MYRTLE BEACH — Shaun Cox started her business Pivotal Health Solutions just over a year ago, aiming to meet a growing need for mental health and therapeutic services in Horry and Georgetown counties.
Given her business is just over a year old, she barely qualifies for a relief grant Gov. Henry McMaster was in Myrtle Beach to promote on Friday aimed at helping small businesses get by.
But having only received a small amount of money earlier in the pandemic, Cox's business needs help — fast.
“We have not shut down one time. We put everything in place we could. I don’t know what else to do, I’ve literally dragged this company on my back,” Cox said, breaking up in tears as she talked about how hard her employees have worked to keep the company alive.
Cox attended Gov. McMaster’s press conference at the International Culinary Institute on Horry-Georgetown Technical College’s campus in the Market Commons area. She was joined by local and state politicians, as well as state government department representatives, who were at the meeting to inform the community about a minority and small business grant the state unveiled recently.
The CARES act allocated $40 million to help small businesses across the state, but particularly in the Grand Strand where the tourism economy has been hit by a COVID-related economic slow down.
Small businesses can apply for the through Nov. 1 at 11:59 p.m.
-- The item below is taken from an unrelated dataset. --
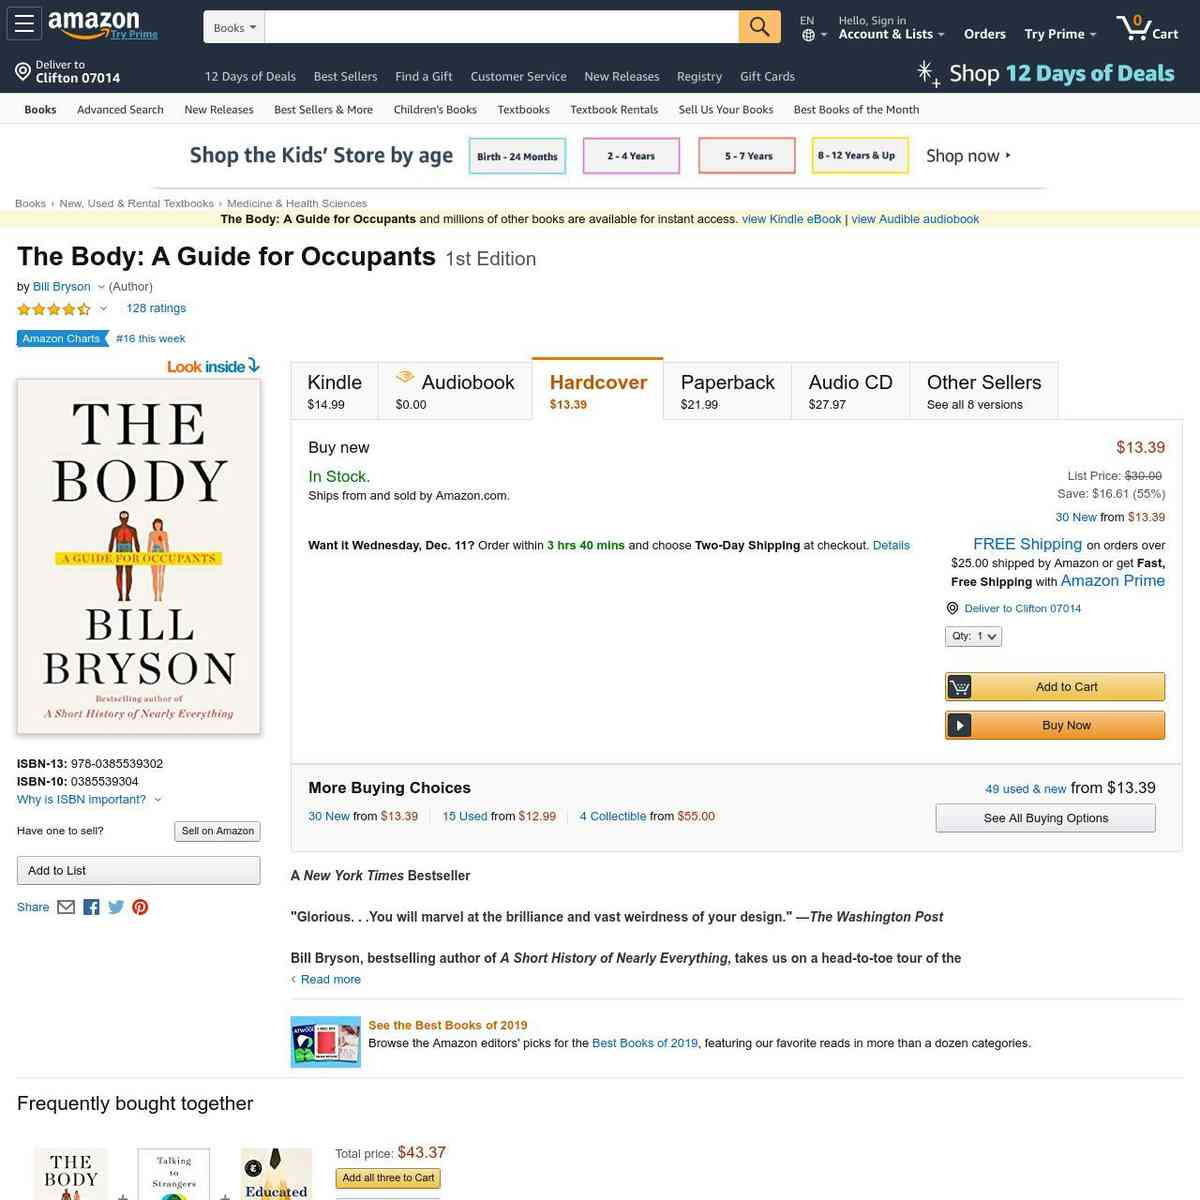 The Body: A Guide for Occupants: 9780385539302: Medicine & Health Science Books @ Amazon.com

No late applications will be accepted. Eligible businesses must employ less than 25 people, be physically located in South Carolina, have been in operation since Sept. 13 2019 and can display how the virus has financially impacted their business.
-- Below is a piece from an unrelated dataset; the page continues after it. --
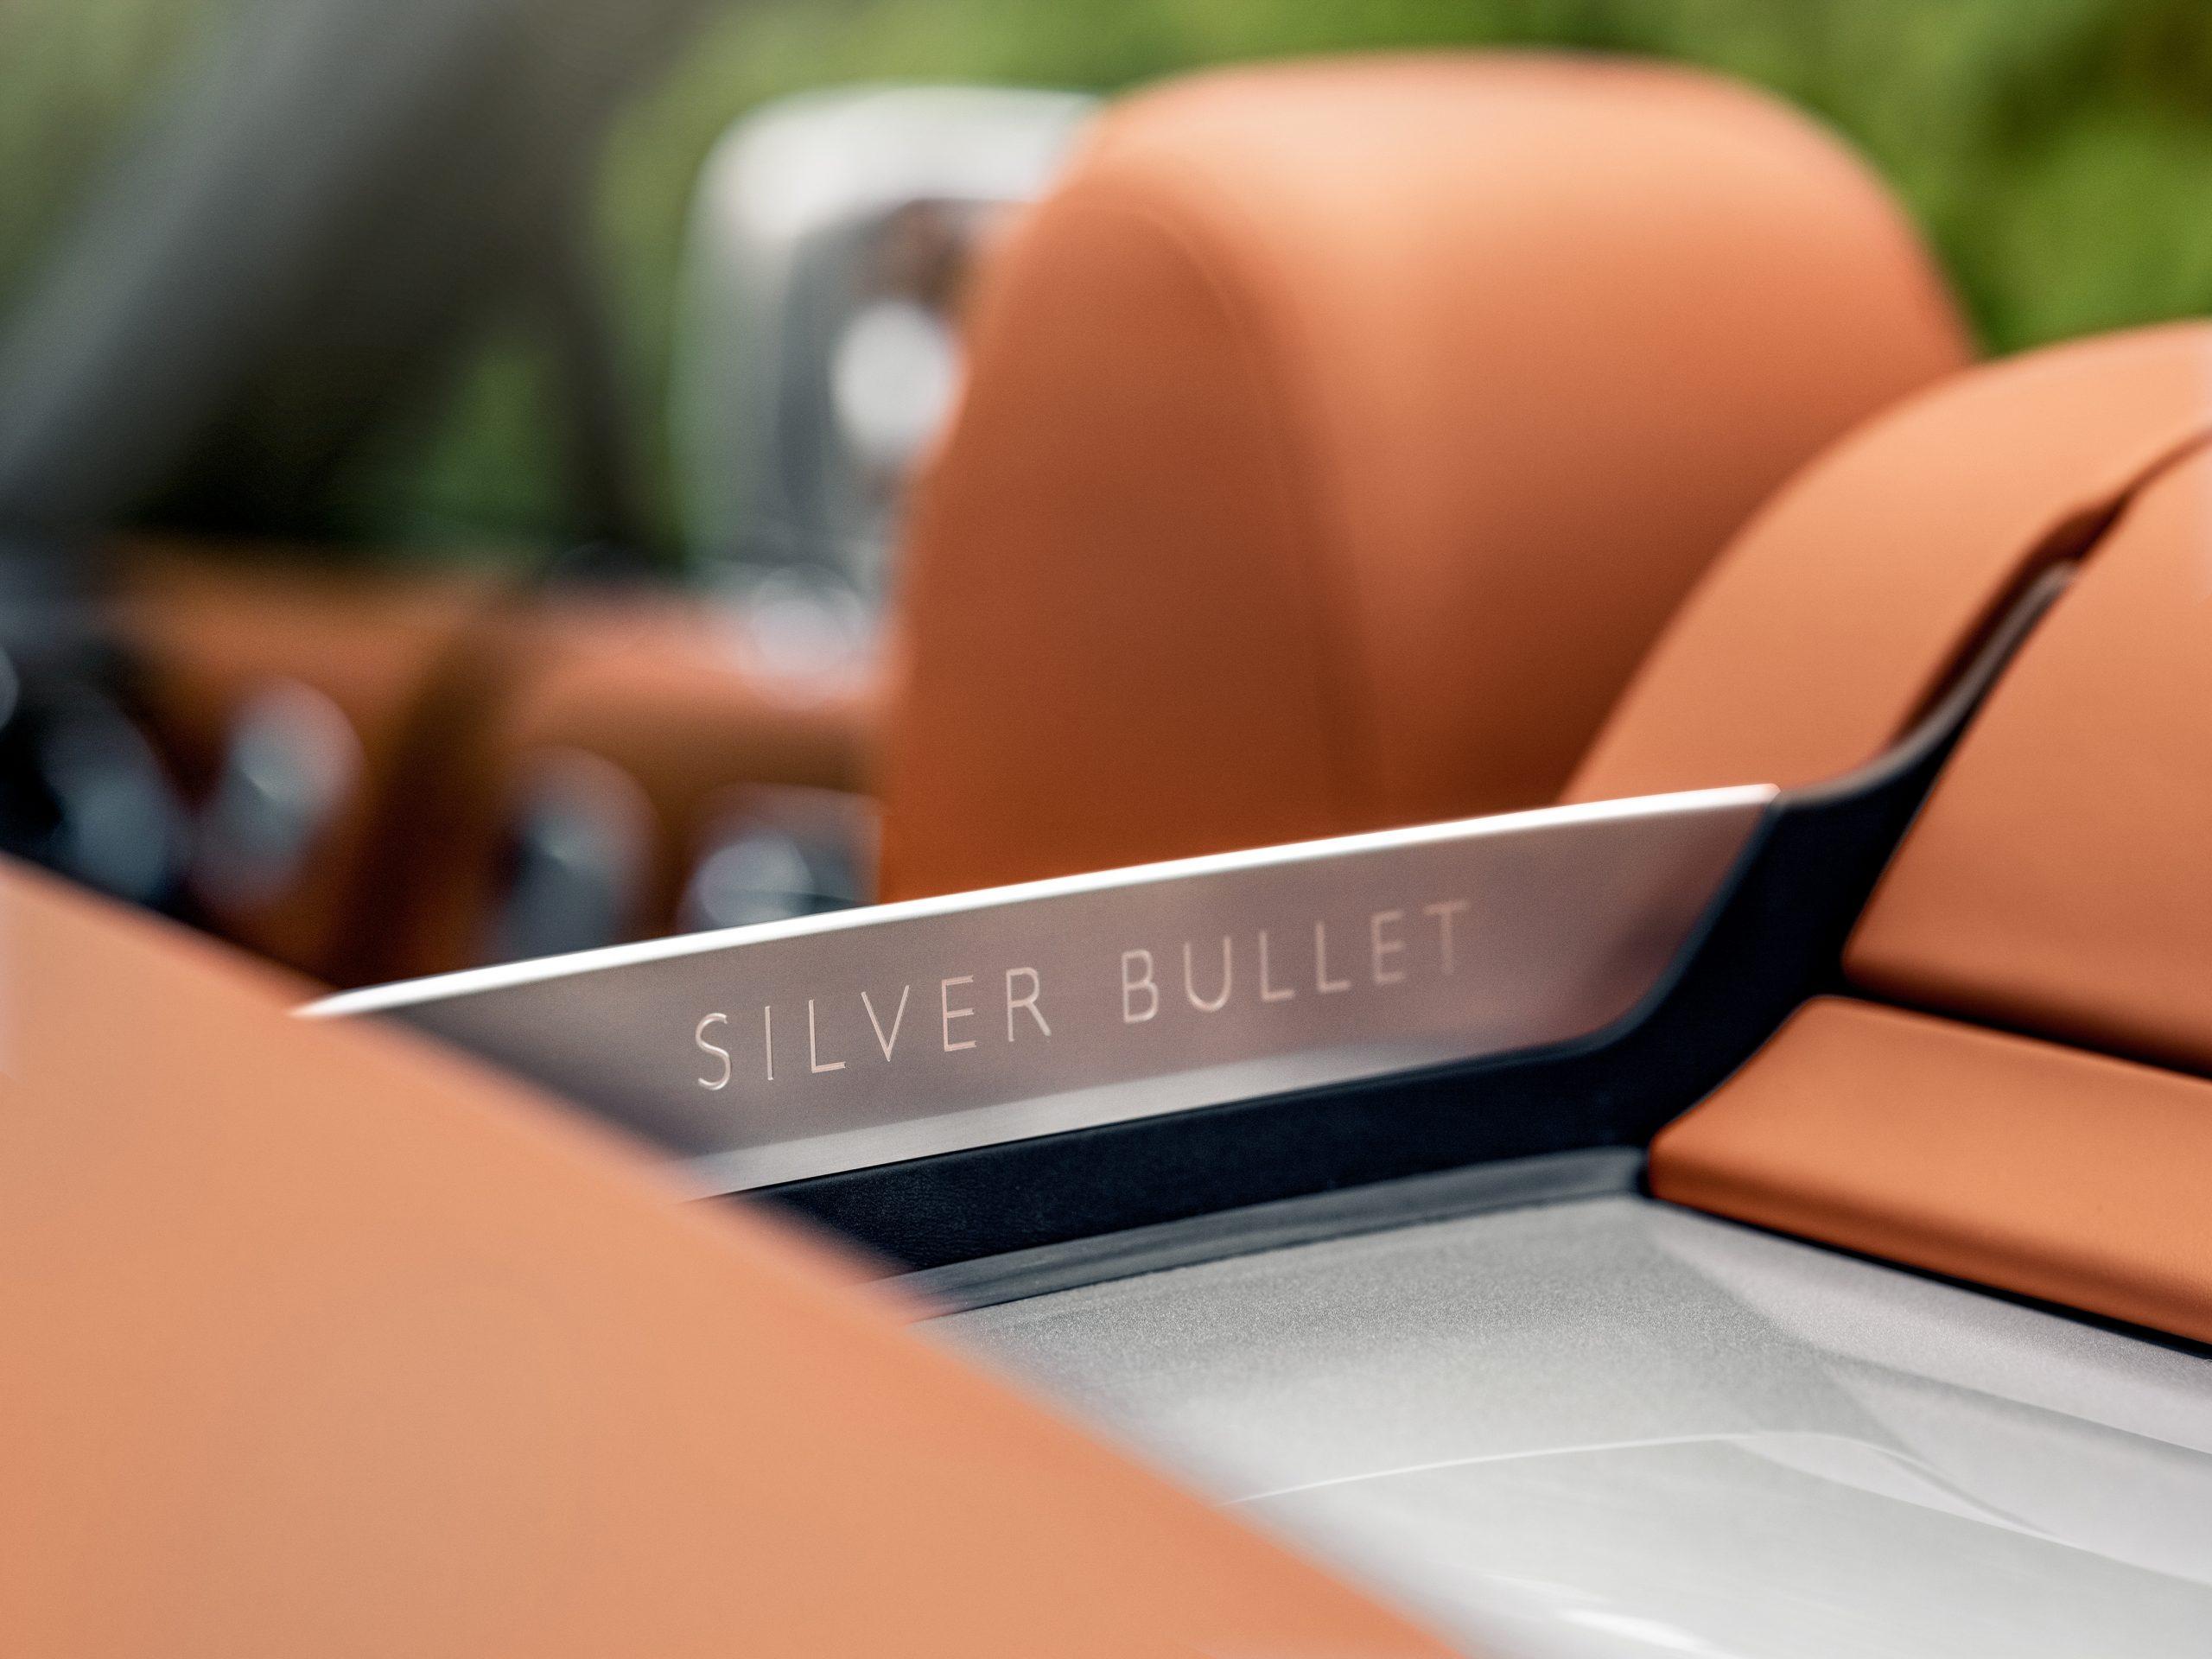 Rolls-Royce Dawn Silver Bullet Aero Cowling Name Angle

The application can be accessed online on the Accelerate SC website. There is a separate application process for non-profit.
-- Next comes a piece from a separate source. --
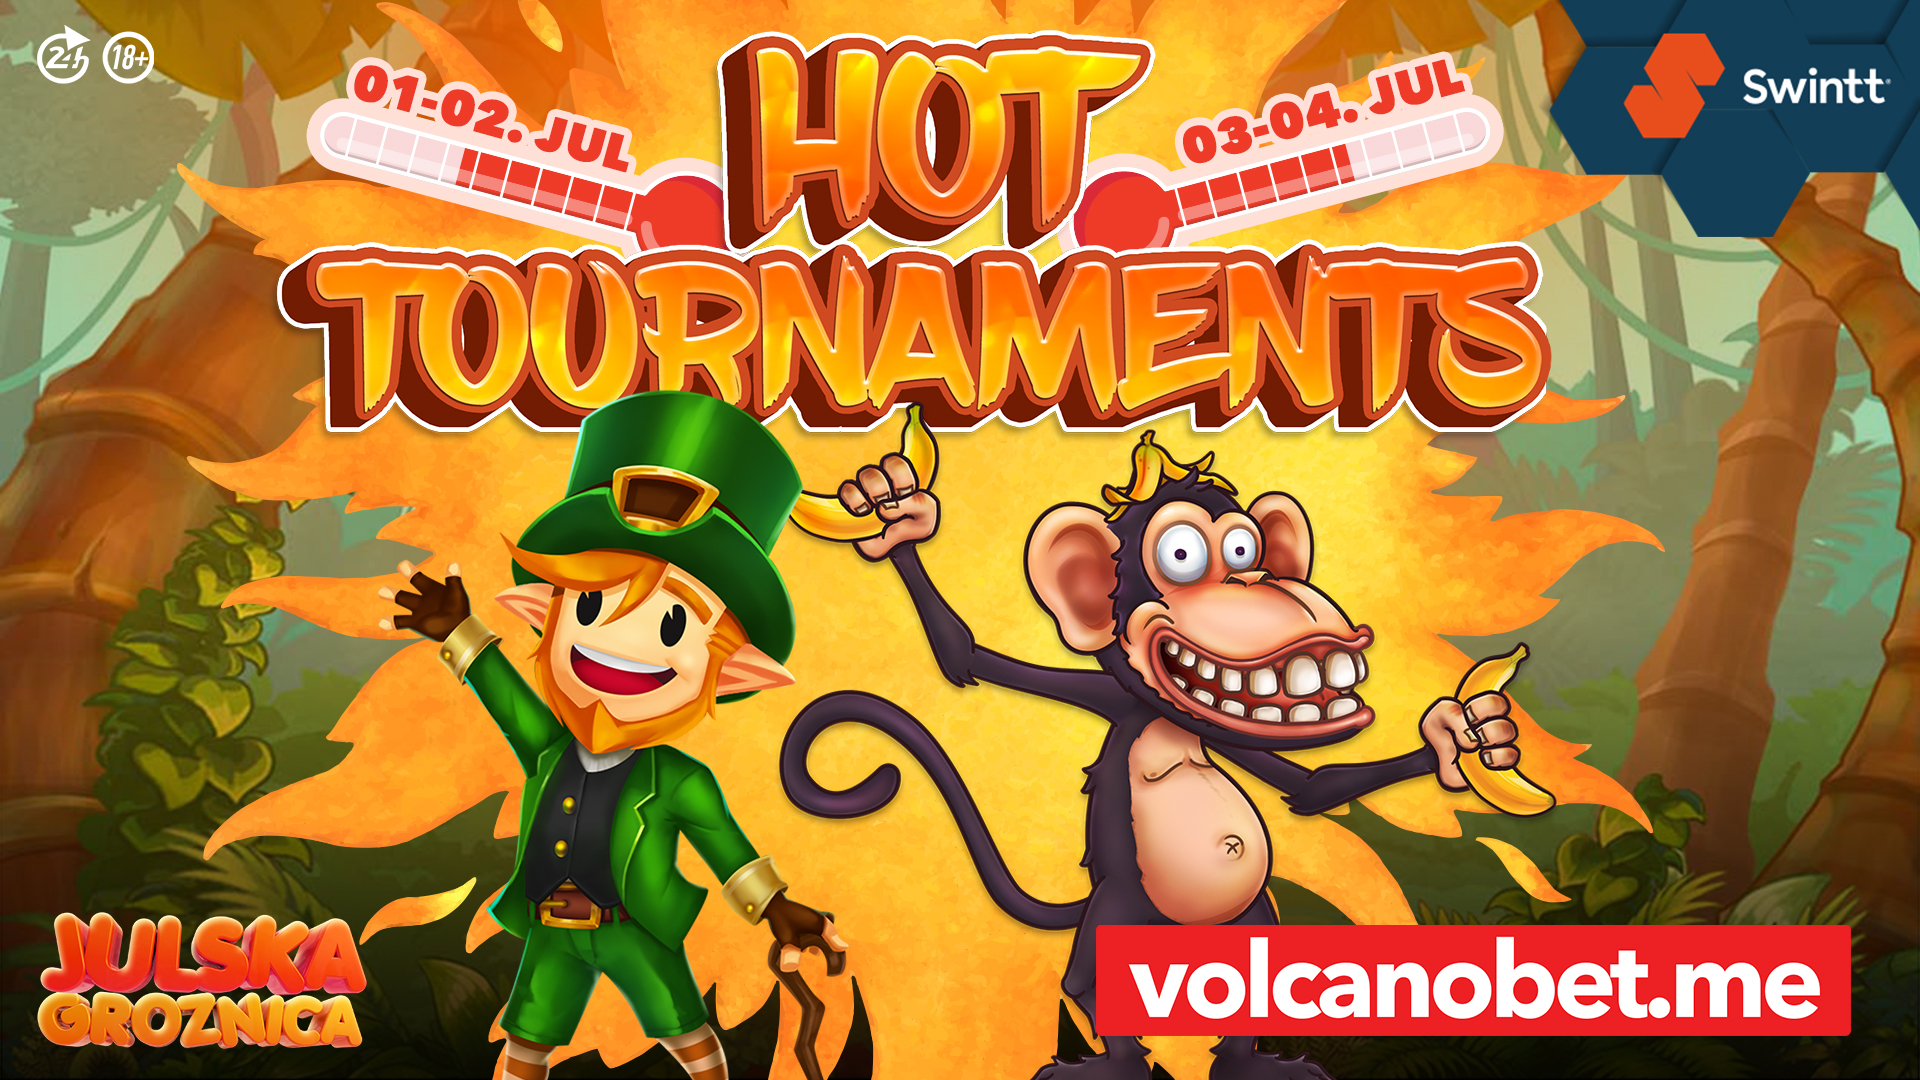 Swintt Hot Tournaments

Cox already applied before heading to Friday’s event. When the time came for questions, she asked the governor if help couldn’t come sooner. She doesn’t know if her business can make it to December when additional funds from the CARES act are expected to reach businesses that applied for a new small business program.
She can longer afford to give herself a paycheck, and her business is struggling to survive the year. Cox is determined to make the business work, but the outlook keeps getting scarier.
McMaster thanked her for her healthcare work, but said the need is so great in the state that December is the soonest the government can process all applications.
“On behalf of about five million South Carolinians I thank you for your spirit,” McMaster said to Cox, adding that many South Carolinians are facing the same struggles.
The State of South Carolina is assembling a panel from across departments to decide which businesses will be funded. Certain qualities can help an application like being a minority-owned business or not having received any aid so far during the pandemic.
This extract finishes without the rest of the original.